Overall, I would rate the solution a nine out of ten. Overall, it's a very good solution. It's a recent, brand-new, company-friendly solution. They have been able to fulfill our expectations.
We have been able to do what we wanted, to be where we wanted to be. They have a few issues here and there, but that's normal for any product or solution. Overall, we are satisfied.
Which deployment model are you using for this solution?
Public Cloud
If public cloud, private cloud, or hybrid cloud, which cloud provider do you use?
Amazon Web Services (AWS)
Nelnet: Active Metadata Solution Review
What do you like best about the product?
Intuituve UI, connectors align well with current data stack, and customer support engagement has been responsive and insightful. Product is well documented for our intended use.
What do you dislike about the product?
Playbook and readme template library would be an improvement.
What problems is the product solving and how is that benefiting you?
Atlan is being implemented as Nelnet’s active metadata platform to will help us maintain a more context rich line of sight into our environment, serve as both a technical and business metadata repository, and provide lineage from data source to reporting.
Industry leader in data cataloguing through active metadata.

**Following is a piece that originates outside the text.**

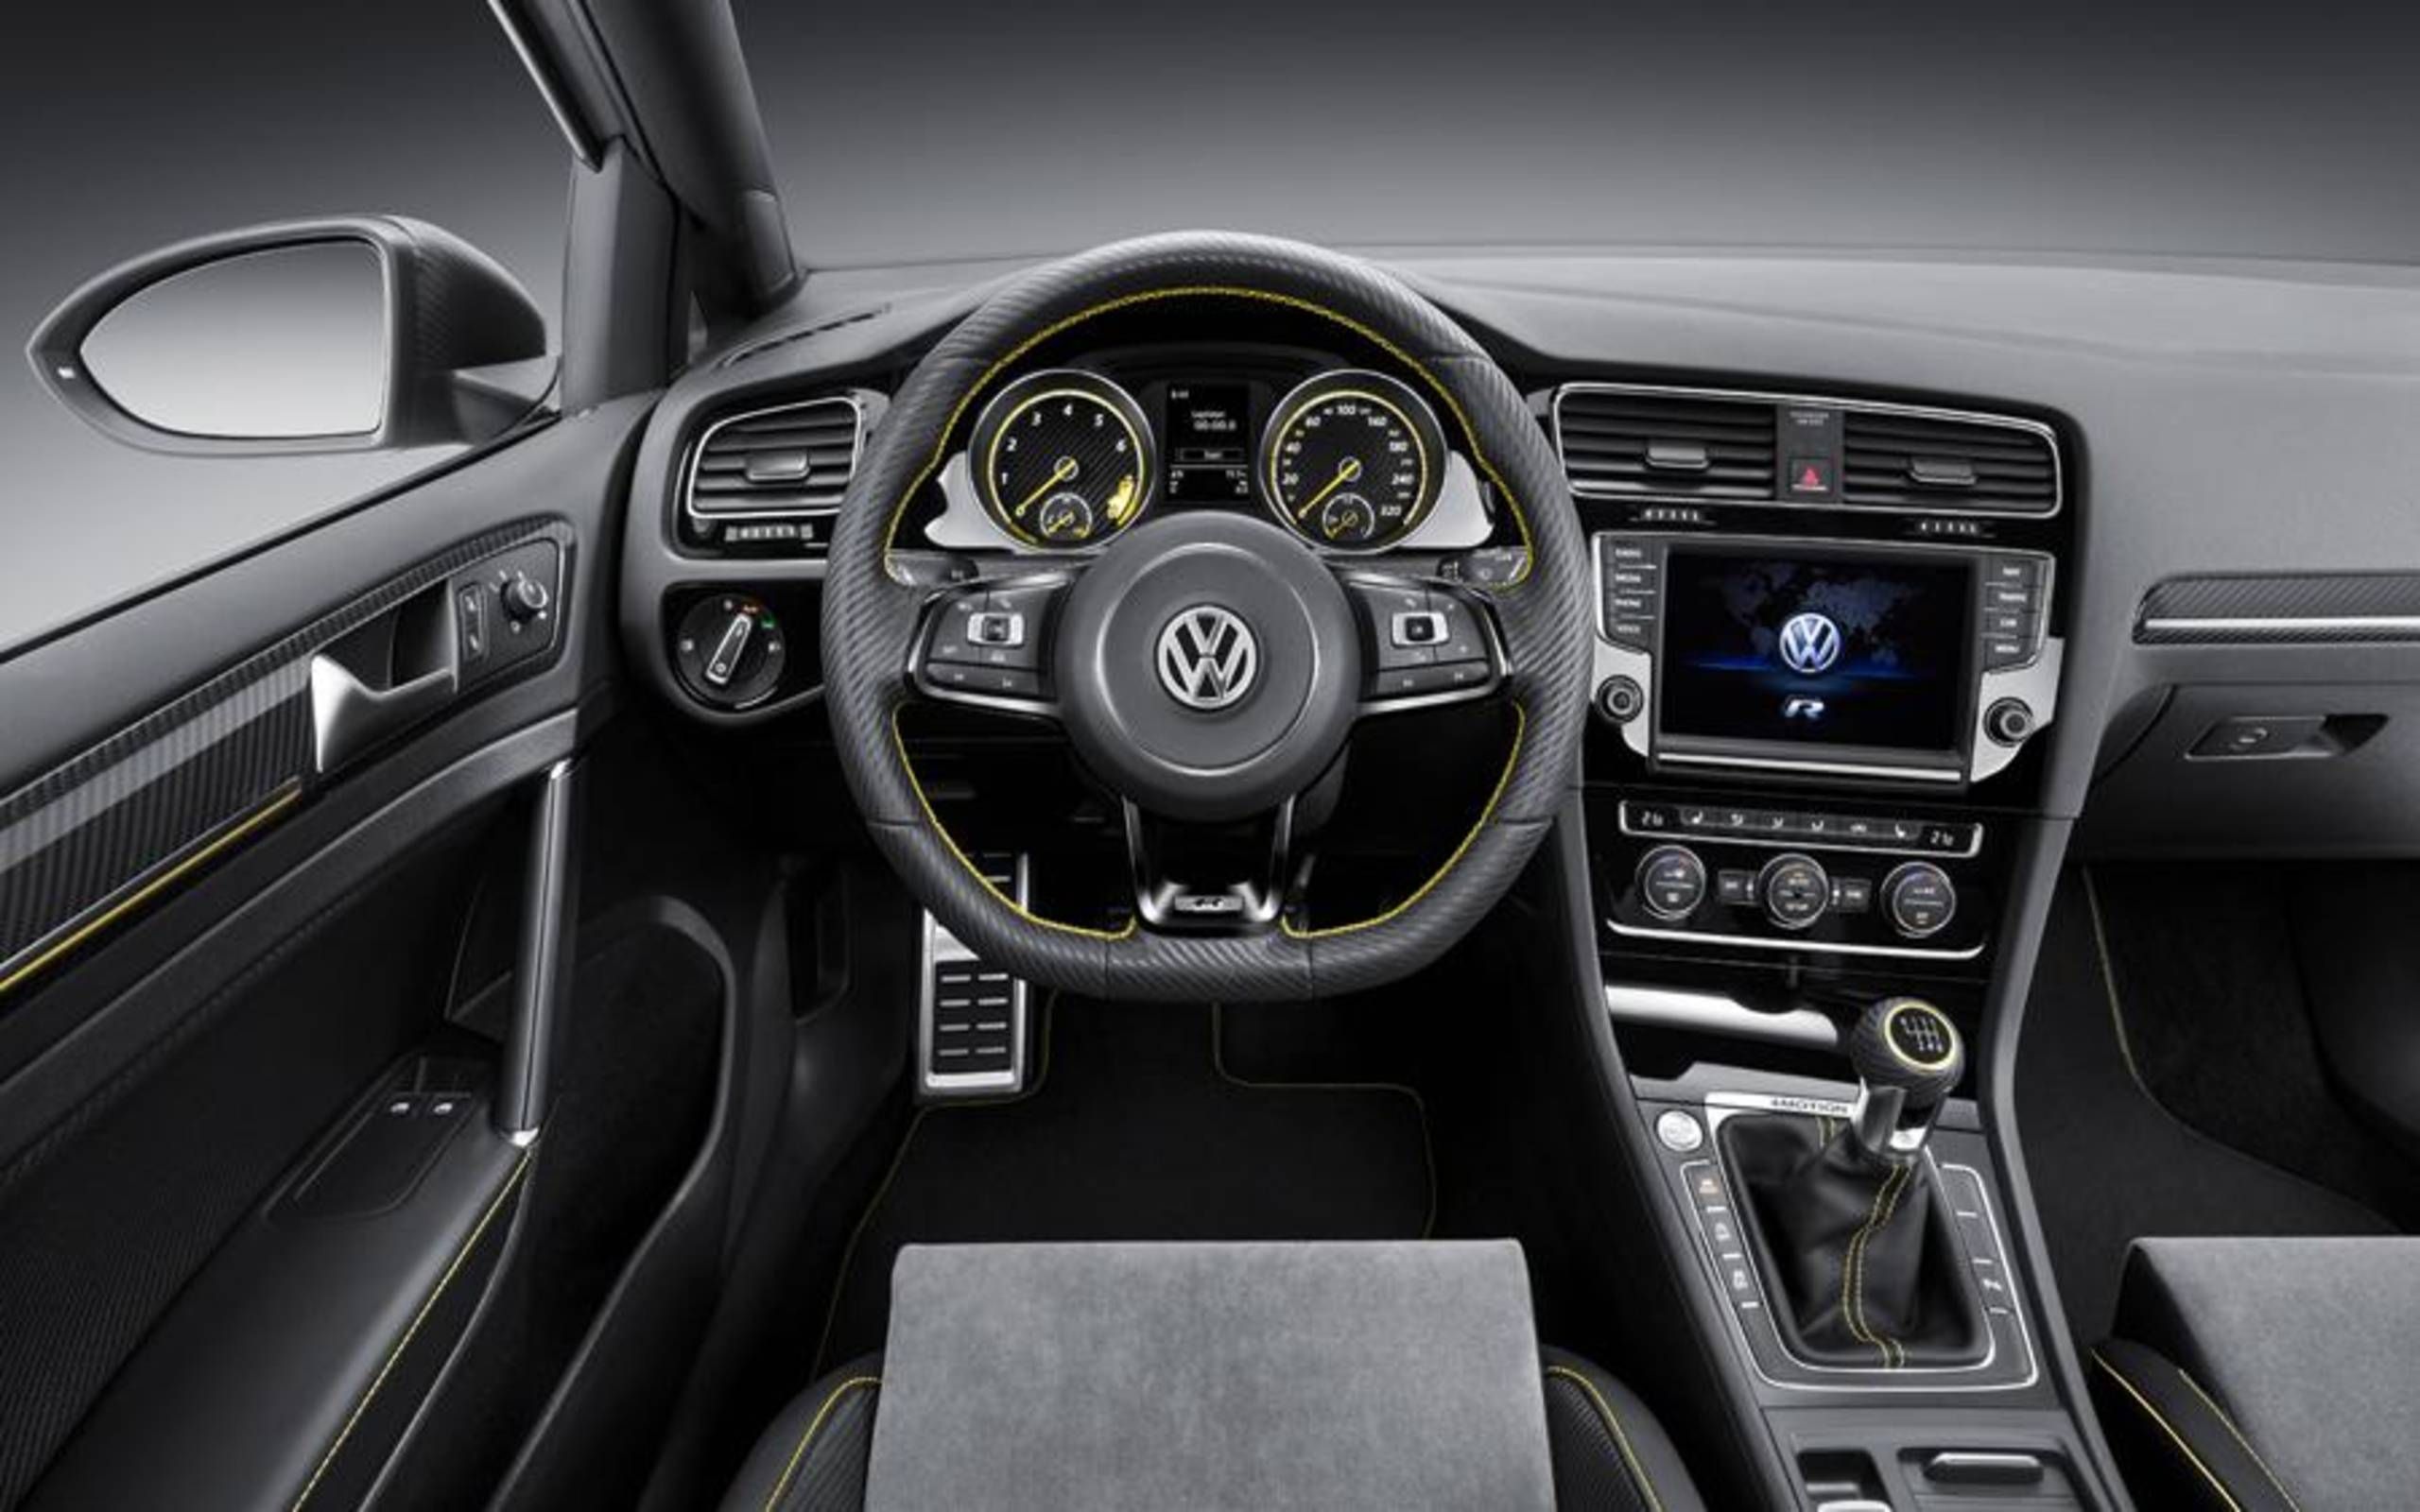 Volkswagen Golf R400: Meet The Hottest Hatch

What do you like best about the product?
1. Usability and UI really stands out
2. Alignment with the modern data stack and brilliant integartions with tools like Snowflake
3. Support team with a wealth of knowledge
4. A Wealth of capabilities and features with customisation through playbooks which is really helpful for things like classification tags.
5. Out of the box reporting with customisation
6. Speed to delivery, innstance was setup in less than 48 hours
7. AI and Machine learning capabilities for automation curation, speeds up defitions anf approvals
What do you dislike about the product?
Some improvement areas would be:
1. Improvements to integartions with Excel which is coming soon.
2. Customisable profiling rule, OOTB capabilities dont allow you to customise profiles, although this can be worked around through querying.
3. More customisation with reporting
What problems is the product solving and how is that benefiting you?
We are building Atlan as the single UI for all of our data users, proving transparancy in how data is curates, calculated and owned. Speeding up delivery through self service for our global analysts and supporting our efforts in validating our data estate
Give your data governance initiative a jump start with Atlan!
What do you like best about the product?
1. Rich data lineage with easy setup and readability
2. Automation capabilities to propagate data tags are user intuitive and easy to configure
3. User interface is consistent and easy to navigate
What do you dislike about the product?
1. Submitting issues and enhancements is easy but often results in limited insight into the path to resolution from the support team
2. Out of the box reporting capabilities exist but have a significant opportunity for improvement
3. Data profiling feature as it is provides little to no value and would be extremely beneficial if customer feedback was incorporated into the offering
What problems is the product solving and how is that benefiting you?
Altan is helping us solve the need for a scablable platform that enables active data governance and supports our data stewards. The concept of playbooks is fantastic and allows you to classify your data assets through automation at scale.